PROBLEM TO WORK ON
Leaving out the images, reproduce every line of the data that follows exactly.

DATA PROVIDED
━━━━━━━━━━━━━━━━━━━━━━━━━━━━━━

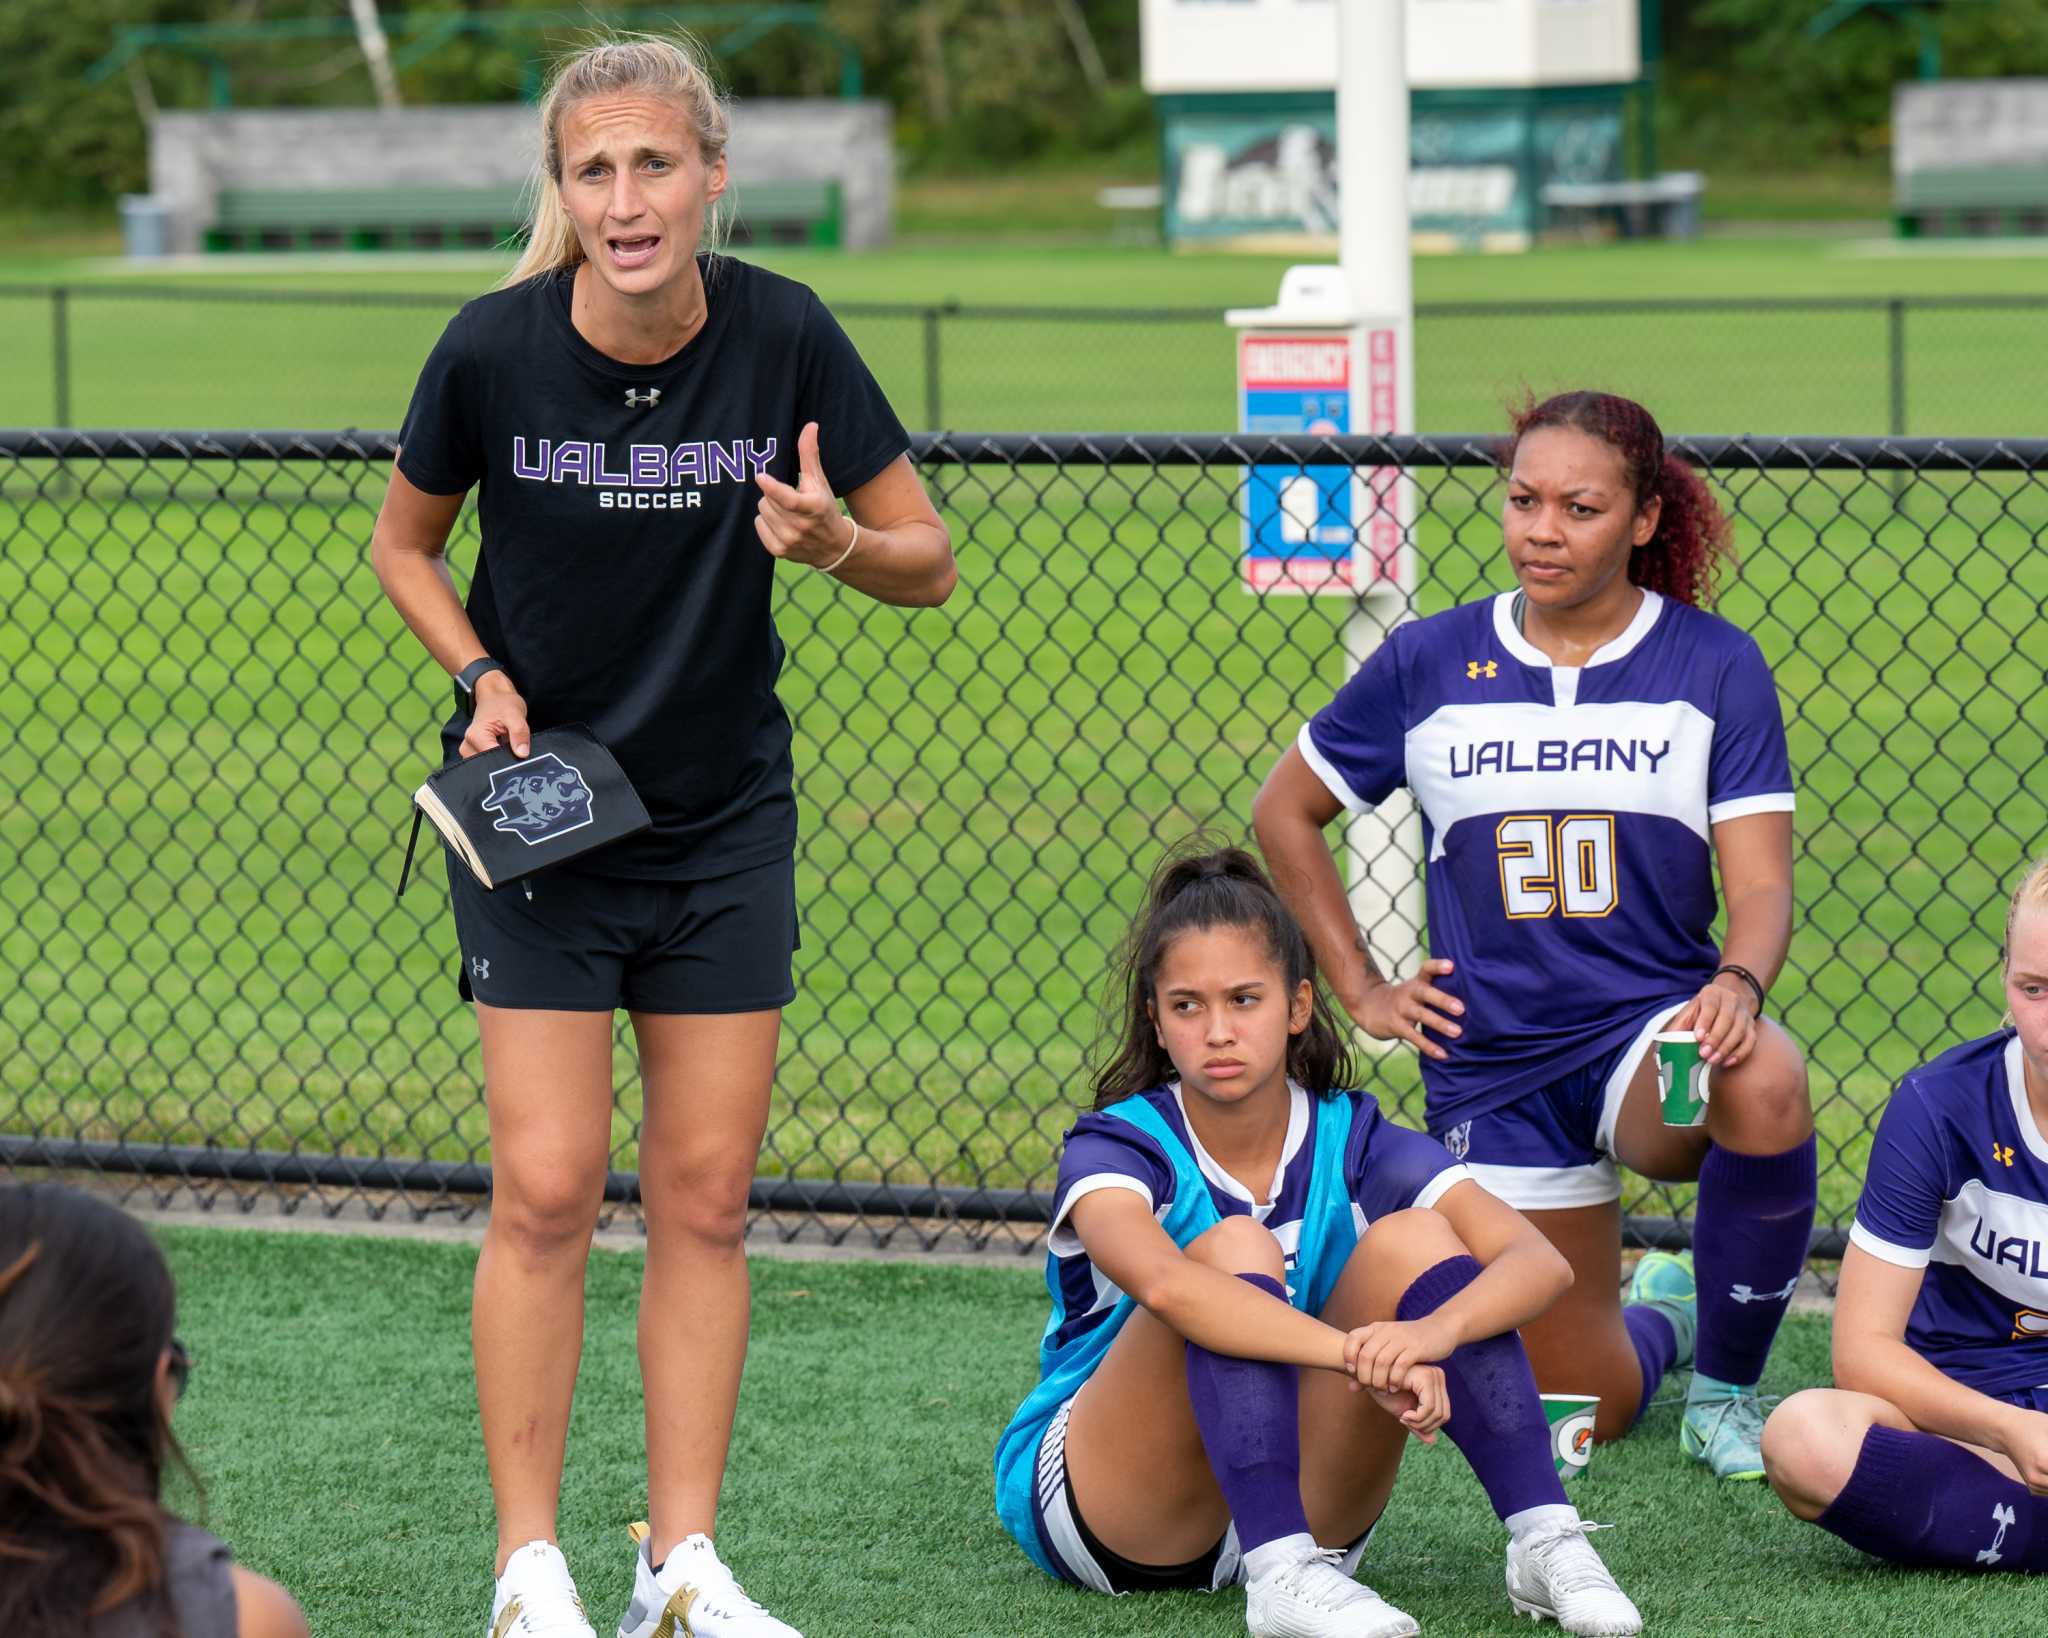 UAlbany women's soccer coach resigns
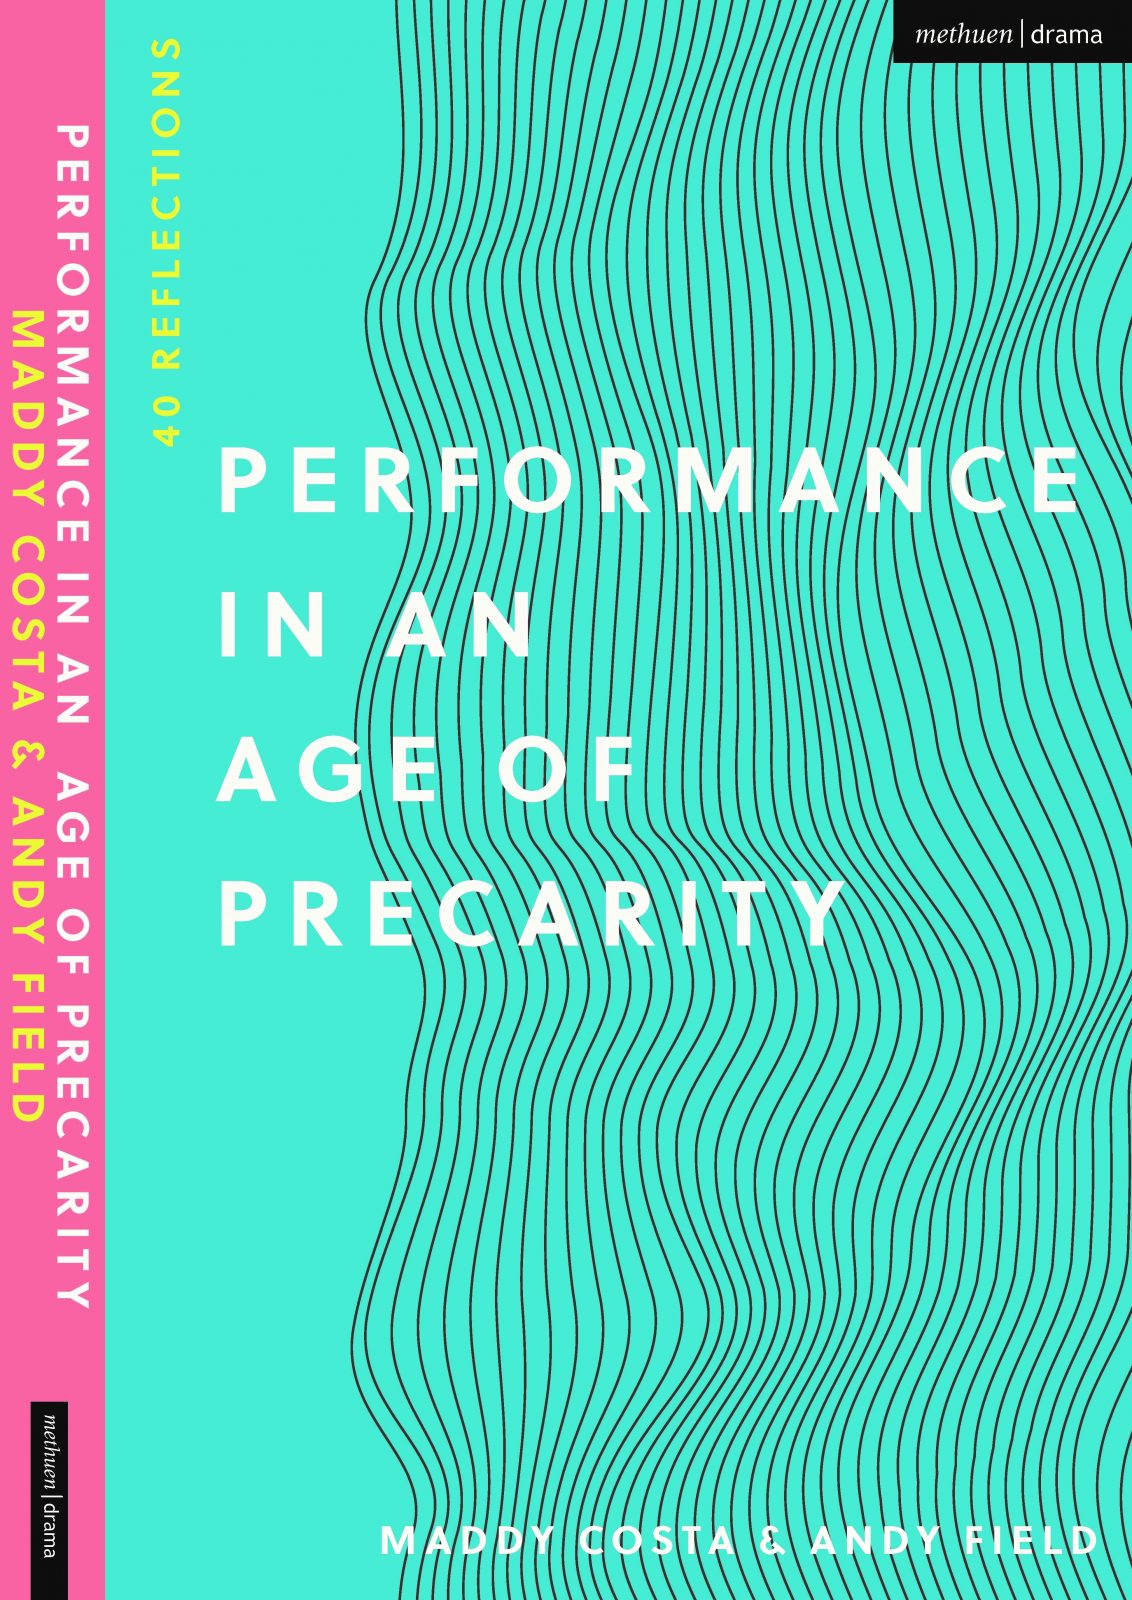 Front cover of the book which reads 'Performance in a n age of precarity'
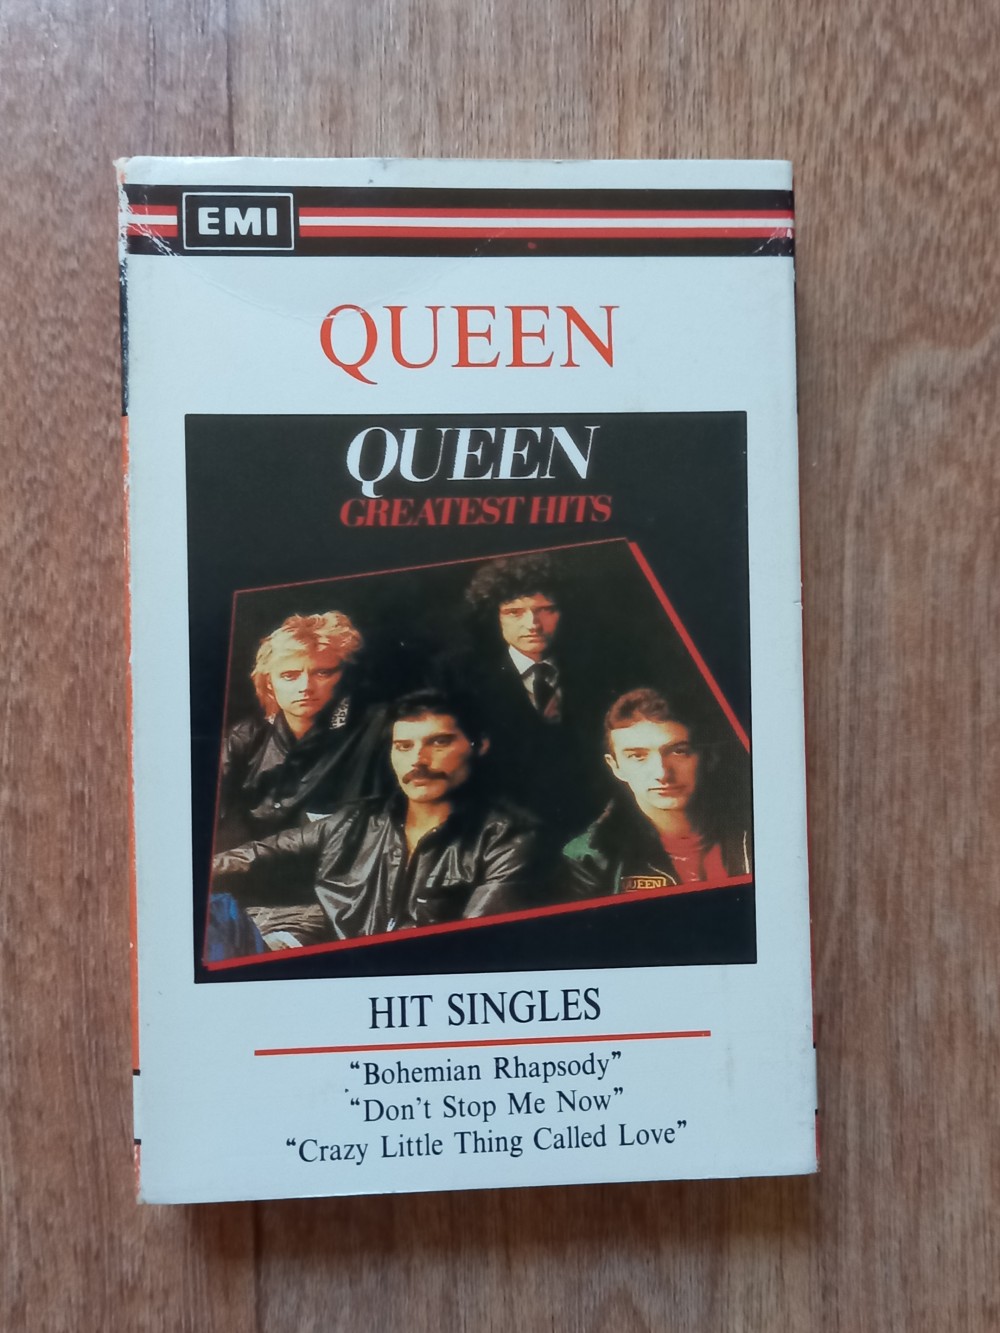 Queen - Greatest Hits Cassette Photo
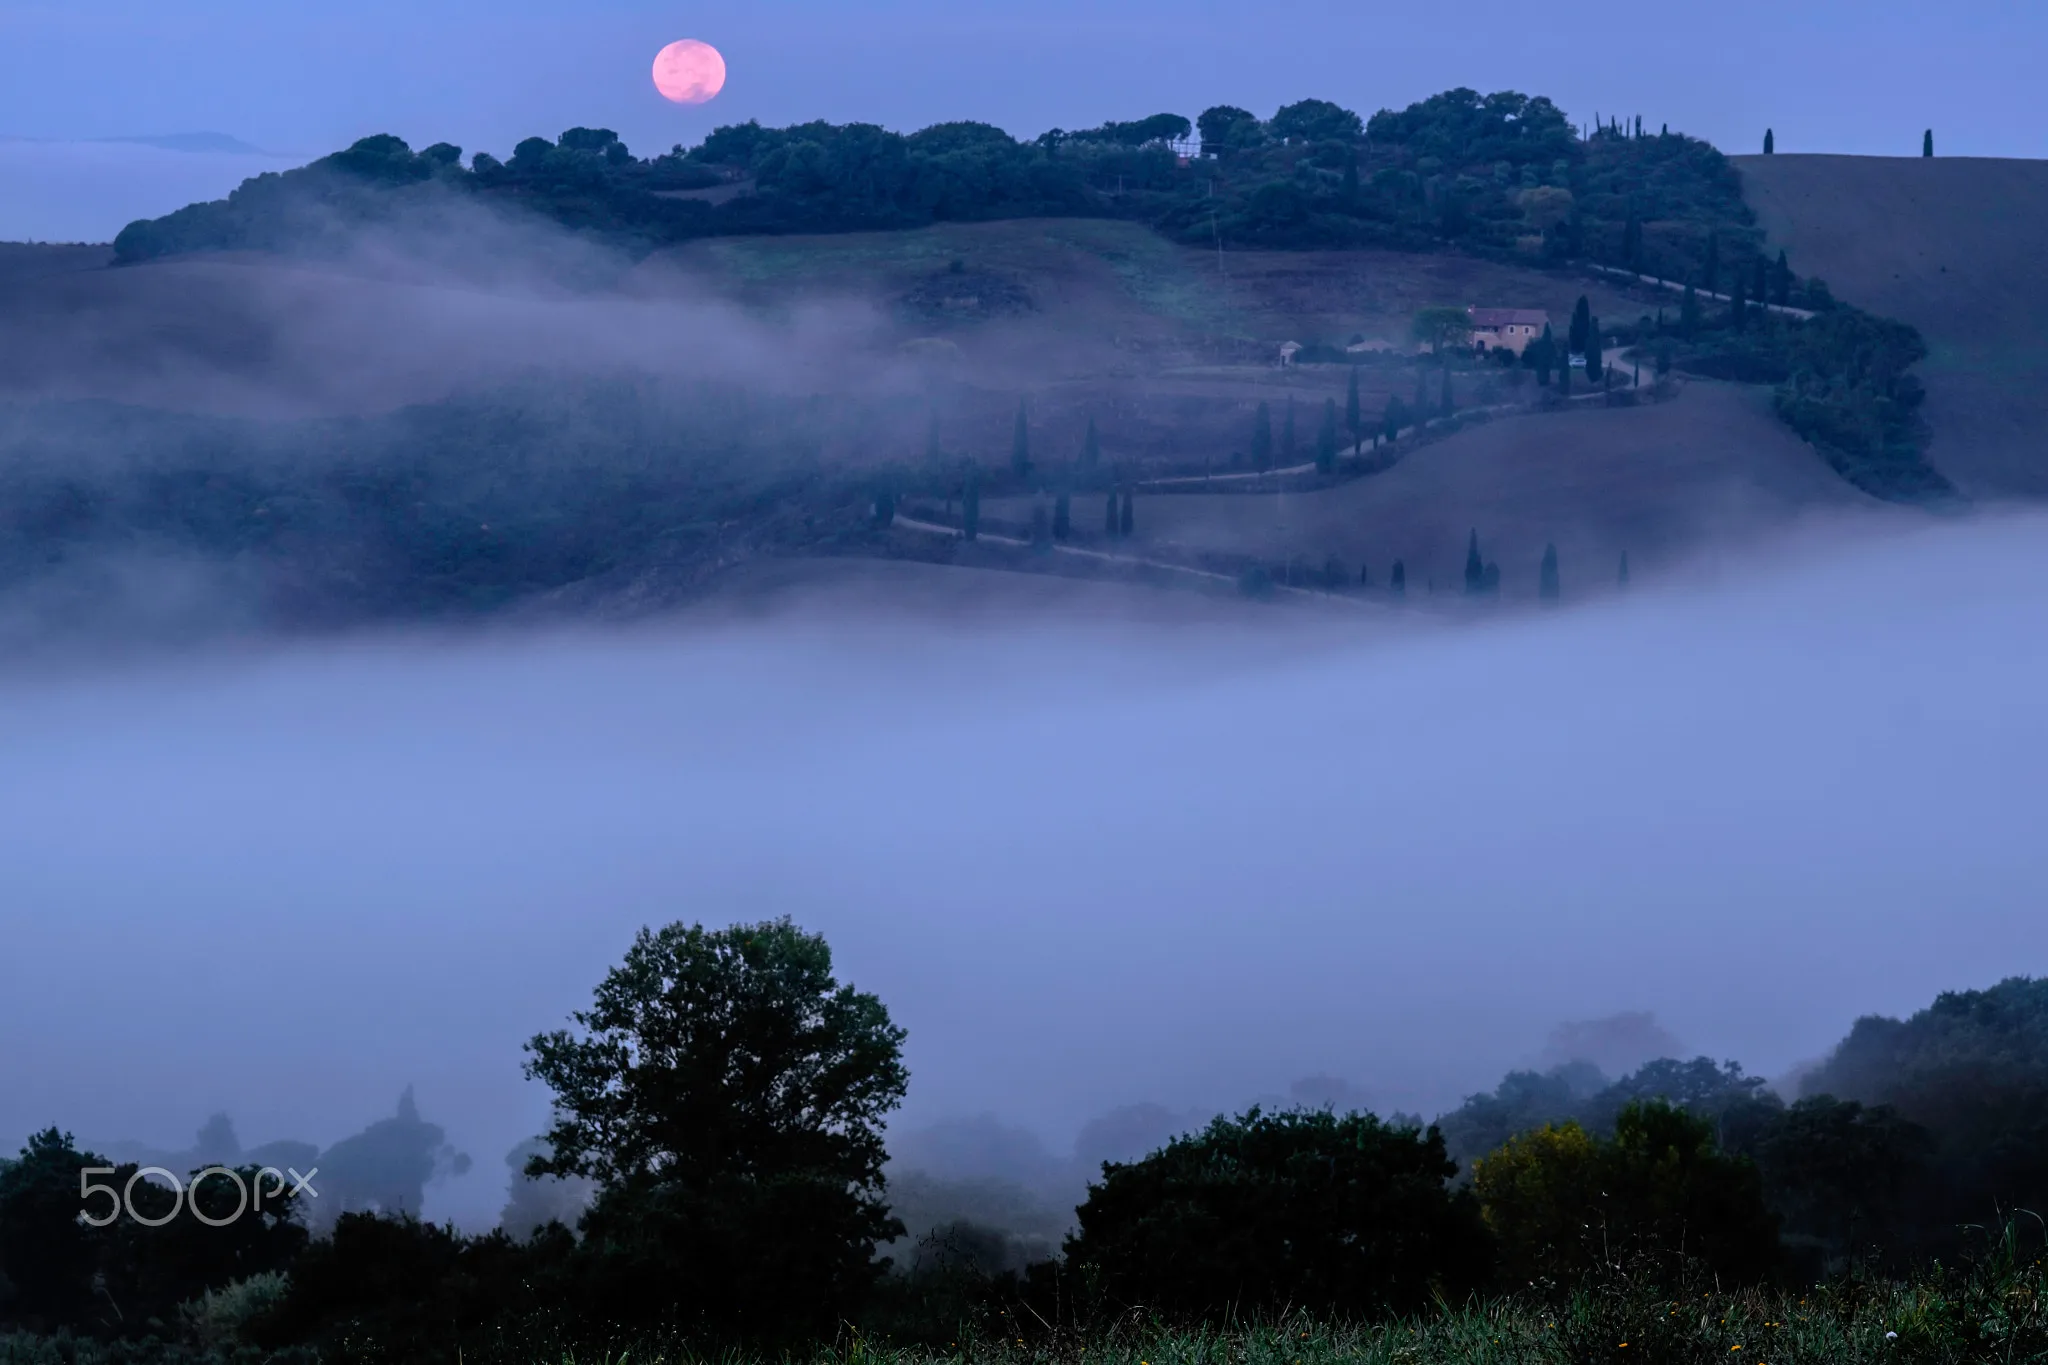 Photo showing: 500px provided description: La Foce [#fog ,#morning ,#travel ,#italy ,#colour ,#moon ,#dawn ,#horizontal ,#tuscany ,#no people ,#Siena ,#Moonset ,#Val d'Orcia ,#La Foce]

━━━━━━━━━━━━━━━━━━━━━━━━━━━━━━

RESPONSE
 UAlbany women's soccer coach resigns
 Front cover of the book which reads 'Performance in a n age of precarity'
 Queen - Greatest Hits Cassette Photo
 Photo showing: 500px provided description: La Foce [#fog ,#morning ,#travel ,#italy ,#colour ,#moon ,#dawn ,#horizontal ,#tuscany ,#no people ,#Siena ,#Moonset ,#Val d'Orcia ,#La Foce]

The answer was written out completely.